El abuso es una experiencia cotidiana, que no sólo engloba robos como los de las farmacias, los pollos o el confort, sino también el cotidiano desprecio de empresas que parecen tener por lema “el cliente nunca tiene la razón”. Es una consecuencia de mercados oligopólicos, en que los clientes están cautivos, la competencia es la excepción y no la regla, y los organismos de defensa de los consumidores son gatitos amaestrados antes que leones con dientes.

Finalmente, está la pregunta por los límites del mercado. Como plantea el famoso ensayo de Michael Sandel Lo que el dinero no puede comprar, es el dilema entre tener una economía de mercado o ser una sociedad de mercado, en que el dinero desplaza cualquier otra forma de construcción de comunidad.
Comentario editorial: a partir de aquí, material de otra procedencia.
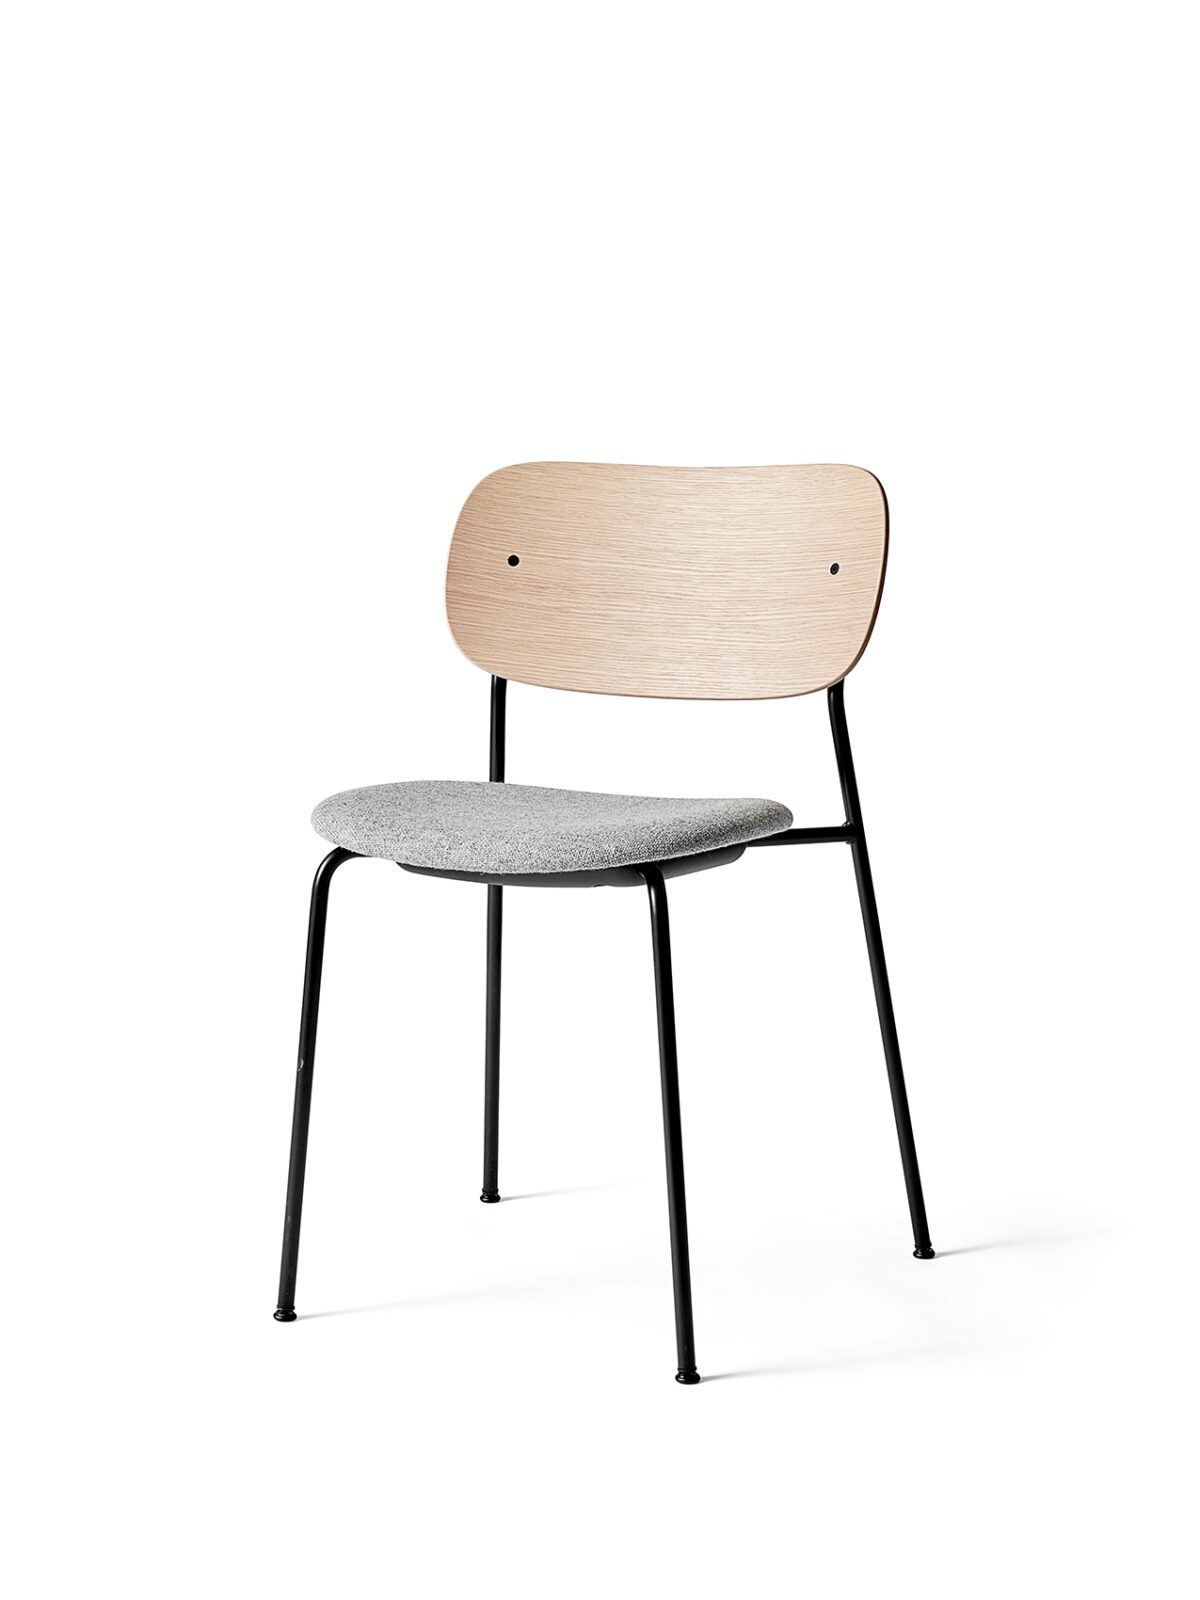 1166039 Co Dining Chair Natural Oak Hallingdal 65   130 angle
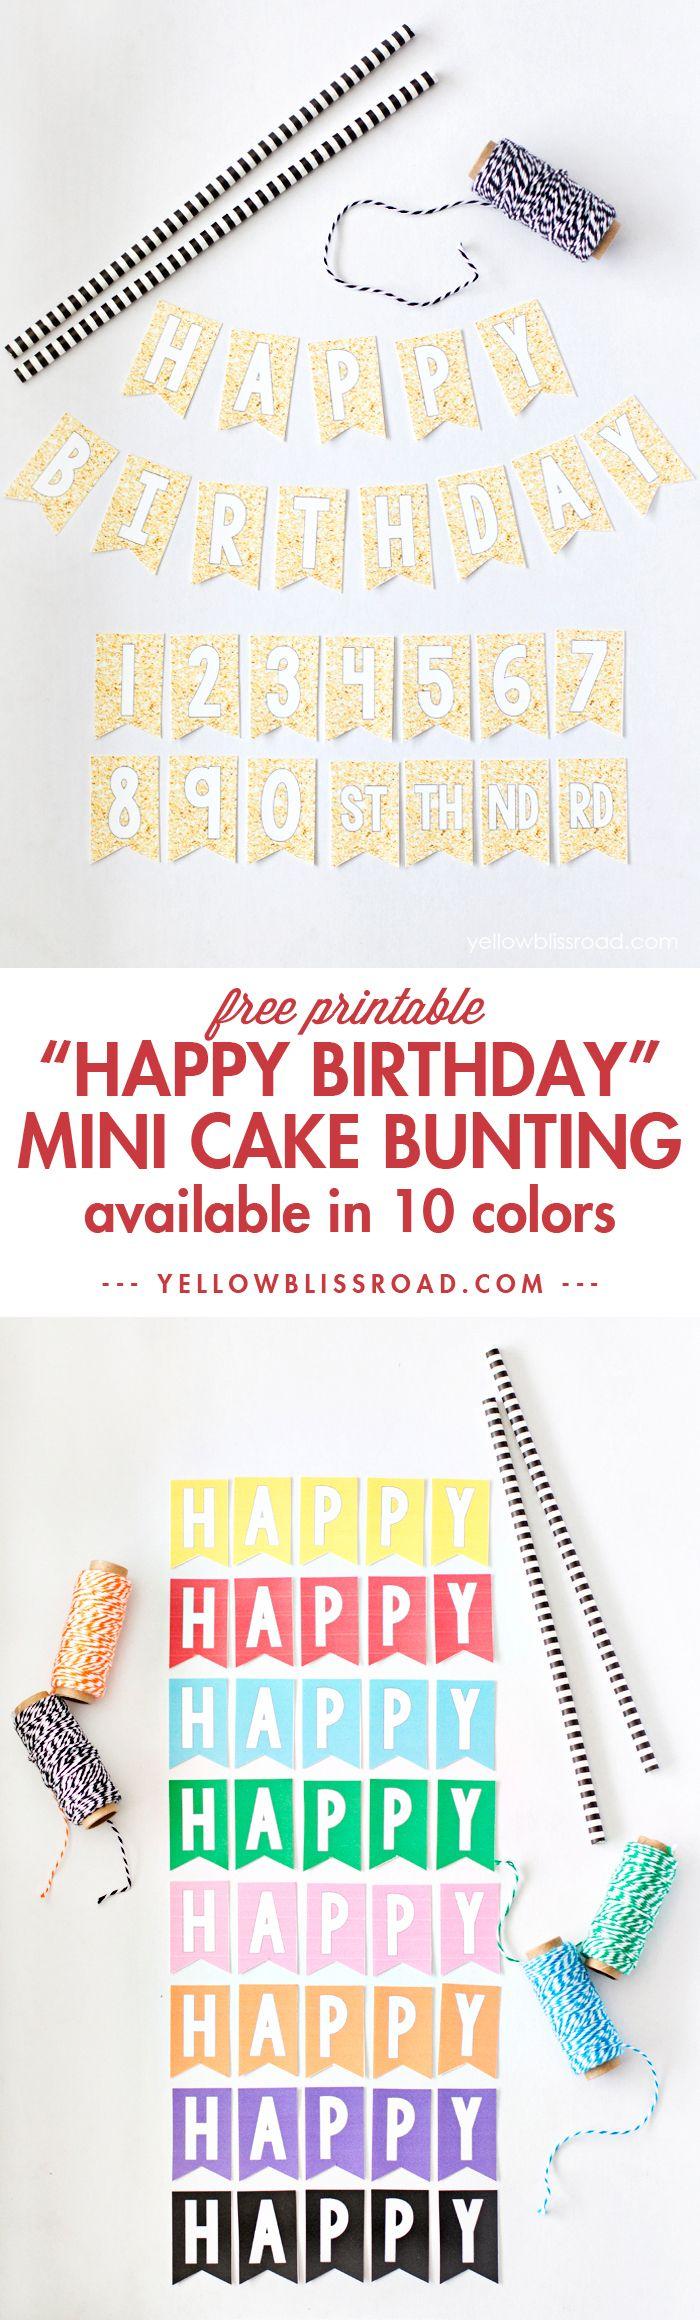 Free Printable Mini Birthday Bunting

Y los chilenos han repetido una y otra vez, tanto en las encuestas como en las calles, que hay ciertos aspectos de nuestra sociedad, como la educación, la salud y las pensiones, que no deben quedar librados sólo al poder del dinero. Que no deben ser, como dijo Piñera sobre la educación, “un bien de consumo”.

No es casualidad que la gran ola de protesta haya partido en 2011 por la educación superior, un ámbito en que explotaron simultáneamente la conciencia de la deuda (el castigo del CAE), el abuso (por las coimas en la acreditación y el engaño de la Universidad del Mar), y la mercantilización de un derecho social.

Los chilenos entienden que el consumo es parte fundamental de la vida moderna, y que no hace menos dignas a las personas, como creen algunos nostálgicos del marxismo. Tampoco los convierte en cómplices de los abusos, como sugieren ciertos propagandistas neoliberales.

Entienden que sus ideales y esperanzas no se consumen en el consumo.